* Task to complete
Look through the records below for the line with "Rubella (German measles) virus,artwork". Return that line and each one after it up to and including the line with "Cuadro en lienzo", exactly.

* Records to use

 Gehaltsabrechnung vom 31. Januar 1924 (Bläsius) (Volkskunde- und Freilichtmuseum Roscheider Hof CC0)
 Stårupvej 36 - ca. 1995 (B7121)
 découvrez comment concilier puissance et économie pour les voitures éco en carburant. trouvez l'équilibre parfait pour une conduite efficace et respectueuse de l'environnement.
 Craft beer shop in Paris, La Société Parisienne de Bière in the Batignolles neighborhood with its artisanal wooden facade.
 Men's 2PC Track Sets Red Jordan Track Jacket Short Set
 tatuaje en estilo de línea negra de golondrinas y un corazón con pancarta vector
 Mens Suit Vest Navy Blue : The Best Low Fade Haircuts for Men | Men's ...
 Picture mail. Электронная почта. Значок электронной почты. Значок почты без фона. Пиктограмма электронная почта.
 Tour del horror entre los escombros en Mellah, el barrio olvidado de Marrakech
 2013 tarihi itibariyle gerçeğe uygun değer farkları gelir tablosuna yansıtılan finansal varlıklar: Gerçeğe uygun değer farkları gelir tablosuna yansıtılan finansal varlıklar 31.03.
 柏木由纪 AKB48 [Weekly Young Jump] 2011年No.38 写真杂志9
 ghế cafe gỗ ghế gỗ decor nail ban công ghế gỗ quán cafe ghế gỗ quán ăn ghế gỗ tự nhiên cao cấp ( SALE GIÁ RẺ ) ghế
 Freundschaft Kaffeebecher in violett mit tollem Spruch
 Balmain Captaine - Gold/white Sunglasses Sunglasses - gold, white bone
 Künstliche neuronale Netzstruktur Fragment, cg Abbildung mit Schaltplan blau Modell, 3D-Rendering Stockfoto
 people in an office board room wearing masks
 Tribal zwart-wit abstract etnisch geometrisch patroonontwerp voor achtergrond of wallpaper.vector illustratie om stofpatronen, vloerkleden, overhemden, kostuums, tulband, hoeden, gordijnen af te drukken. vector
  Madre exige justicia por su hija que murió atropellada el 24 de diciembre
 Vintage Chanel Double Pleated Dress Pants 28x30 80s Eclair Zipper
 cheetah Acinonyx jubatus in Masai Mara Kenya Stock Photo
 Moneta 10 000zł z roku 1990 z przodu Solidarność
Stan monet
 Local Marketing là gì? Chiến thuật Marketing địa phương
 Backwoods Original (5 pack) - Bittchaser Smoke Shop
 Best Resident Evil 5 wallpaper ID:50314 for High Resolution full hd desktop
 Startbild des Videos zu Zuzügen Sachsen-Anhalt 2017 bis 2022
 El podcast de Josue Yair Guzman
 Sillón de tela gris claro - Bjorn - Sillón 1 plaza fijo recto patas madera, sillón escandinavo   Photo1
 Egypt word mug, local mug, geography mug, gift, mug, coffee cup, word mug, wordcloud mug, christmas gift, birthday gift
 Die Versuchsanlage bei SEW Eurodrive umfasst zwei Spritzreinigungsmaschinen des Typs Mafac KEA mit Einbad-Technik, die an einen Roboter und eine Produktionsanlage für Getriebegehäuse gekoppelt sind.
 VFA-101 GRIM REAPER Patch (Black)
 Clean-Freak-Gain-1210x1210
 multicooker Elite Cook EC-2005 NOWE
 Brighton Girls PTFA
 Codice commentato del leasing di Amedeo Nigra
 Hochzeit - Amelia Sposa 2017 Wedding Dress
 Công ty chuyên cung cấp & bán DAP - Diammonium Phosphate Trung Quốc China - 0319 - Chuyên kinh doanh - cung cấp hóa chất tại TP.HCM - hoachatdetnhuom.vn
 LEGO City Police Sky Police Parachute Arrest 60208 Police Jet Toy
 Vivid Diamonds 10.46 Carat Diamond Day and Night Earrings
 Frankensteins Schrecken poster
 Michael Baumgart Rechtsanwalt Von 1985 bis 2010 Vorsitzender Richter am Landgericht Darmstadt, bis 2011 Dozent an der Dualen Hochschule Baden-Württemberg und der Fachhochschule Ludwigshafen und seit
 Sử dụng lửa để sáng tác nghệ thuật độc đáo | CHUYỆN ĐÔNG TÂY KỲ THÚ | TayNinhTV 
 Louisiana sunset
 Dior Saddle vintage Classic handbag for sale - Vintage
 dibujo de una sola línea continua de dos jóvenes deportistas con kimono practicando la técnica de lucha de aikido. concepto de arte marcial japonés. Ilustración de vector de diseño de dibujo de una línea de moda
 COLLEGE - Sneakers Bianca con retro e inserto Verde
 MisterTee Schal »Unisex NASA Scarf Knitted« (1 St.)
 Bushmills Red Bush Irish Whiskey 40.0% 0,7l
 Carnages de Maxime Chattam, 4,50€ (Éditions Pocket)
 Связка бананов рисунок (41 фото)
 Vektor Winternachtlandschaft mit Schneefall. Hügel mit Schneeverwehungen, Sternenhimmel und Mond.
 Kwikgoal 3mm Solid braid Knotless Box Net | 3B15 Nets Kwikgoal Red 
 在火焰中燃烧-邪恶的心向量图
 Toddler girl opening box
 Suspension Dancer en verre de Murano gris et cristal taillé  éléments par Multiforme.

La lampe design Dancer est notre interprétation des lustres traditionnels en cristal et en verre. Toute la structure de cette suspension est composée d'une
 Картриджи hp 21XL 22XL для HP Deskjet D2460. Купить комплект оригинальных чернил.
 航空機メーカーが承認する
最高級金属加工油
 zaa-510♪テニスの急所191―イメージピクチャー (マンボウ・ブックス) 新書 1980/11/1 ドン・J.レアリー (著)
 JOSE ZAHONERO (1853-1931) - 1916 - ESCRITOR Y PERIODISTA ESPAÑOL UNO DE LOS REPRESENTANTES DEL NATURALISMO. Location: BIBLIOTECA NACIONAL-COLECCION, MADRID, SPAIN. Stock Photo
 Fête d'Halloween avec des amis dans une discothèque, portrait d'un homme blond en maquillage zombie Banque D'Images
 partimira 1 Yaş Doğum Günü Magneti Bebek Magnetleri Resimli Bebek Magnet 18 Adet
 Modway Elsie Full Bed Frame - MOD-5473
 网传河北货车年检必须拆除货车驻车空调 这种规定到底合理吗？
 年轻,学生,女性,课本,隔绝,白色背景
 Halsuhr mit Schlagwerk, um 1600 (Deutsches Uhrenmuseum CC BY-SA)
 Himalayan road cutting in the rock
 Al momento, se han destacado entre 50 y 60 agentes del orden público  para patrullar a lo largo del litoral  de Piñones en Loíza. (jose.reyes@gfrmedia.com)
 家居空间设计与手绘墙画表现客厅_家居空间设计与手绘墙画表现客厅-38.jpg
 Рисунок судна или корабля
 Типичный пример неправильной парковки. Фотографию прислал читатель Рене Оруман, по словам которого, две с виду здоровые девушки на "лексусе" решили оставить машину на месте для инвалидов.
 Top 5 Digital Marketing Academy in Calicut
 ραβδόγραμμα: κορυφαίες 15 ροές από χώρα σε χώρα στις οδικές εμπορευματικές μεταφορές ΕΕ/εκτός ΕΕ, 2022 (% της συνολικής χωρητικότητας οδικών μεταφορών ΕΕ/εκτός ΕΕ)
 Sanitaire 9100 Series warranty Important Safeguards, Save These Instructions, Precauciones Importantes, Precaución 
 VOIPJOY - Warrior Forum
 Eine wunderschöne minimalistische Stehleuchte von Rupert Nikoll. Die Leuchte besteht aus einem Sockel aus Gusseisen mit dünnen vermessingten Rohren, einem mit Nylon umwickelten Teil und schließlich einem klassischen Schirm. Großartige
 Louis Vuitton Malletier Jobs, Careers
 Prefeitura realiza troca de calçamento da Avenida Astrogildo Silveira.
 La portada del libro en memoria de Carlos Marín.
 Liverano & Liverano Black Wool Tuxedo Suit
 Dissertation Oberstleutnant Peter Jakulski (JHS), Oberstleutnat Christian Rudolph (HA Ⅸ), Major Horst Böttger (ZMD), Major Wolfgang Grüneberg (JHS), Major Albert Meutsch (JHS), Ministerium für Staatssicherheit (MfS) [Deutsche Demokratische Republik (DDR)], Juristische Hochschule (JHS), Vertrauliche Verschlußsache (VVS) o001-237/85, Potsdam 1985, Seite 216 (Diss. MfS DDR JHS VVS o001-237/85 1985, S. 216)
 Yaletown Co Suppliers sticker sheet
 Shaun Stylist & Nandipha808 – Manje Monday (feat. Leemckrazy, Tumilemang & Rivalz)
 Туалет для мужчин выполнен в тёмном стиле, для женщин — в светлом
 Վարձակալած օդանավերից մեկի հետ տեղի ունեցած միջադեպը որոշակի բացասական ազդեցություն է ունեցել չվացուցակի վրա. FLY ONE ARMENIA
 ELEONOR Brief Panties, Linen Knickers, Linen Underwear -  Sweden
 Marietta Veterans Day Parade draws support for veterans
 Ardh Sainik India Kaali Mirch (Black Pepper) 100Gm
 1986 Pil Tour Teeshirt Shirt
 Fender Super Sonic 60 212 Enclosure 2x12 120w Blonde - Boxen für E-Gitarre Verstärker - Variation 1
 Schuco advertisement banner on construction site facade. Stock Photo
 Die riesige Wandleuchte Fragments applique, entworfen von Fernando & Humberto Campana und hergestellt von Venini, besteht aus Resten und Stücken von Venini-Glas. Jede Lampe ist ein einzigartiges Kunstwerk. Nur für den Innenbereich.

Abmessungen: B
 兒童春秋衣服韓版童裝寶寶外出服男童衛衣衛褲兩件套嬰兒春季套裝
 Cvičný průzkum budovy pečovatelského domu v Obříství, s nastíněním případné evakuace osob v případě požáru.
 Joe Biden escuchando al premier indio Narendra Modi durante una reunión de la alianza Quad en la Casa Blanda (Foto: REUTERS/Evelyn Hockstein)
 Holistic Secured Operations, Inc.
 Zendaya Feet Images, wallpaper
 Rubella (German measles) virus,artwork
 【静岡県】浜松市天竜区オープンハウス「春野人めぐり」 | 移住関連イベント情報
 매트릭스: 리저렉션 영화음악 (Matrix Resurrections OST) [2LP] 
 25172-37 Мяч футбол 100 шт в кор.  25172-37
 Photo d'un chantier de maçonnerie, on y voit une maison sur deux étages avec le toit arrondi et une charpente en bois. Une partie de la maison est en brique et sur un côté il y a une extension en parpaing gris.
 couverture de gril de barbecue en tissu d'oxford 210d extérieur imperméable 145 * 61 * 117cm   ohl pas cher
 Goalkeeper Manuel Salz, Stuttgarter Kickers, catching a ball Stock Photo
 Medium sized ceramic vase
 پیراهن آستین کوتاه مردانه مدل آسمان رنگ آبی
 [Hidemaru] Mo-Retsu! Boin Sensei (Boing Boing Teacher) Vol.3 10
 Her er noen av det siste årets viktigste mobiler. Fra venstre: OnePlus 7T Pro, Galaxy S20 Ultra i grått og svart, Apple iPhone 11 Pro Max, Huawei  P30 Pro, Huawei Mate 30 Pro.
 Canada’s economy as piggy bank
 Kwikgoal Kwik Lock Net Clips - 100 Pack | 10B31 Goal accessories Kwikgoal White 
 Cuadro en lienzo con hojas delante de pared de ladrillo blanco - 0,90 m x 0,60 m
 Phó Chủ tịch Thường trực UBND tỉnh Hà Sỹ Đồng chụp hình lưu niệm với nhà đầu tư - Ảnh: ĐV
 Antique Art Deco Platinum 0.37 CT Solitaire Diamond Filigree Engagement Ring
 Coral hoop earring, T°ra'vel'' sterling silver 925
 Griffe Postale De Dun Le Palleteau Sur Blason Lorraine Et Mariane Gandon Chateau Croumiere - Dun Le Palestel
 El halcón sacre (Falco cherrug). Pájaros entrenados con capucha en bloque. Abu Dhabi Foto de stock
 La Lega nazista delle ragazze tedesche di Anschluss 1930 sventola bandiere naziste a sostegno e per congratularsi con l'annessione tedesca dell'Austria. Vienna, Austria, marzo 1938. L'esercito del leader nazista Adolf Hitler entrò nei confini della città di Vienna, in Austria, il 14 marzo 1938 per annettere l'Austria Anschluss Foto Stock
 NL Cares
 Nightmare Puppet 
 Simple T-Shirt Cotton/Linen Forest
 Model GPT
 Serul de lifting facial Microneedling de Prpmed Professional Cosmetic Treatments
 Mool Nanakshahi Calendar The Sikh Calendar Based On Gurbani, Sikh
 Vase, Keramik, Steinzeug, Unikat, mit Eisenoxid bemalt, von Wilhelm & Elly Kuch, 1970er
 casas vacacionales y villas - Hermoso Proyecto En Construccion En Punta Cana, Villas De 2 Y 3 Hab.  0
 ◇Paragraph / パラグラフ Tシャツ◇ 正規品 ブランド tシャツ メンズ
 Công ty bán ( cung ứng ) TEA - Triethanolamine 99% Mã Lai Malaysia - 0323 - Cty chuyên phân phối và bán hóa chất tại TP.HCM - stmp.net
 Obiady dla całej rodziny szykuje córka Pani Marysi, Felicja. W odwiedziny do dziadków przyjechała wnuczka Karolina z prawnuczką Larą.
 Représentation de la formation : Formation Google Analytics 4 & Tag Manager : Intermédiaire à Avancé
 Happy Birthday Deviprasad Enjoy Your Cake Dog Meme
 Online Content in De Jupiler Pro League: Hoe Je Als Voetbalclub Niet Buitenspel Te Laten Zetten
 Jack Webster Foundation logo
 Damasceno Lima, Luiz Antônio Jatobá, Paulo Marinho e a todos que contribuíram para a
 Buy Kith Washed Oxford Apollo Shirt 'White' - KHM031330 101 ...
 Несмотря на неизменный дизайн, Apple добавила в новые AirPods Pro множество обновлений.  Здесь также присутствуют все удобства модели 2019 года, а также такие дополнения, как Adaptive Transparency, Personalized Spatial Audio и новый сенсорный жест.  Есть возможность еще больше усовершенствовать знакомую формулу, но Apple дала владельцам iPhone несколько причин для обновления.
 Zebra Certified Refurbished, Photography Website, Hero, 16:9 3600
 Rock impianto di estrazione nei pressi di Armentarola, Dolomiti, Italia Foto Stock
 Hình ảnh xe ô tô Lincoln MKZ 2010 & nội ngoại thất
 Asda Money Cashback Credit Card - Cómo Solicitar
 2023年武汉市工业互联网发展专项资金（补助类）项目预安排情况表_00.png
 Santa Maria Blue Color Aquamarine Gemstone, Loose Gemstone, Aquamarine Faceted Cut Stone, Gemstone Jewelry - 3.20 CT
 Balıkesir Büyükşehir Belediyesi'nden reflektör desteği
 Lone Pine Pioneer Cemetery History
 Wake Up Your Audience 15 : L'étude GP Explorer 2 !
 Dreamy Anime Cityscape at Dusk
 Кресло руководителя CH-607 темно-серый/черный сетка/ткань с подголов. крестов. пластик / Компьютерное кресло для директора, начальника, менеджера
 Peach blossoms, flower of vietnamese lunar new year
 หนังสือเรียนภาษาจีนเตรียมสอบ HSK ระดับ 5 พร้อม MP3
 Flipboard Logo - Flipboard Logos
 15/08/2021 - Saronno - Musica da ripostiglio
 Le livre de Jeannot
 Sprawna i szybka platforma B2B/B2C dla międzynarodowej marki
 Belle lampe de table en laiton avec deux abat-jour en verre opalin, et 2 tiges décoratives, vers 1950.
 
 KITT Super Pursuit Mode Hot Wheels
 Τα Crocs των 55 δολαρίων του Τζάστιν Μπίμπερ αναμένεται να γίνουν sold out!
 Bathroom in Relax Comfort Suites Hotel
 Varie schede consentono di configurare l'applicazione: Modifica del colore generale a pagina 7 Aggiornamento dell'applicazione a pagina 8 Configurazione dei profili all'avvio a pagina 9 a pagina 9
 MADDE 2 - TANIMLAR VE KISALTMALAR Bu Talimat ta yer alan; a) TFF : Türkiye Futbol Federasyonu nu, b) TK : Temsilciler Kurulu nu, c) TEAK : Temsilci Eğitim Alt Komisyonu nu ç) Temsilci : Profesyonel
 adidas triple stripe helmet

* Result of the exercise
 Rubella (German measles) virus,artwork
 【静岡県】浜松市天竜区オープンハウス「春野人めぐり」 | 移住関連イベント情報
 매트릭스: 리저렉션 영화음악 (Matrix Resurrections OST) [2LP] 
 25172-37 Мяч футбол 100 шт в кор.  25172-37
 Photo d'un chantier de maçonnerie, on y voit une maison sur deux étages avec le toit arrondi et une charpente en bois. Une partie de la maison est en brique et sur un côté il y a une extension en parpaing gris.
 couverture de gril de barbecue en tissu d'oxford 210d extérieur imperméable 145 * 61 * 117cm   ohl pas cher
 Goalkeeper Manuel Salz, Stuttgarter Kickers, catching a ball Stock Photo
 Medium sized ceramic vase
 پیراهن آستین کوتاه مردانه مدل آسمان رنگ آبی
 [Hidemaru] Mo-Retsu! Boin Sensei (Boing Boing Teacher) Vol.3 10
 Her er noen av det siste årets viktigste mobiler. Fra venstre: OnePlus 7T Pro, Galaxy S20 Ultra i grått og svart, Apple iPhone 11 Pro Max, Huawei  P30 Pro, Huawei Mate 30 Pro.
 Canada’s economy as piggy bank
 Kwikgoal Kwik Lock Net Clips - 100 Pack | 10B31 Goal accessories Kwikgoal White 
 Cuadro en lienzo con hojas delante de pared de ladrillo blanco - 0,90 m x 0,60 m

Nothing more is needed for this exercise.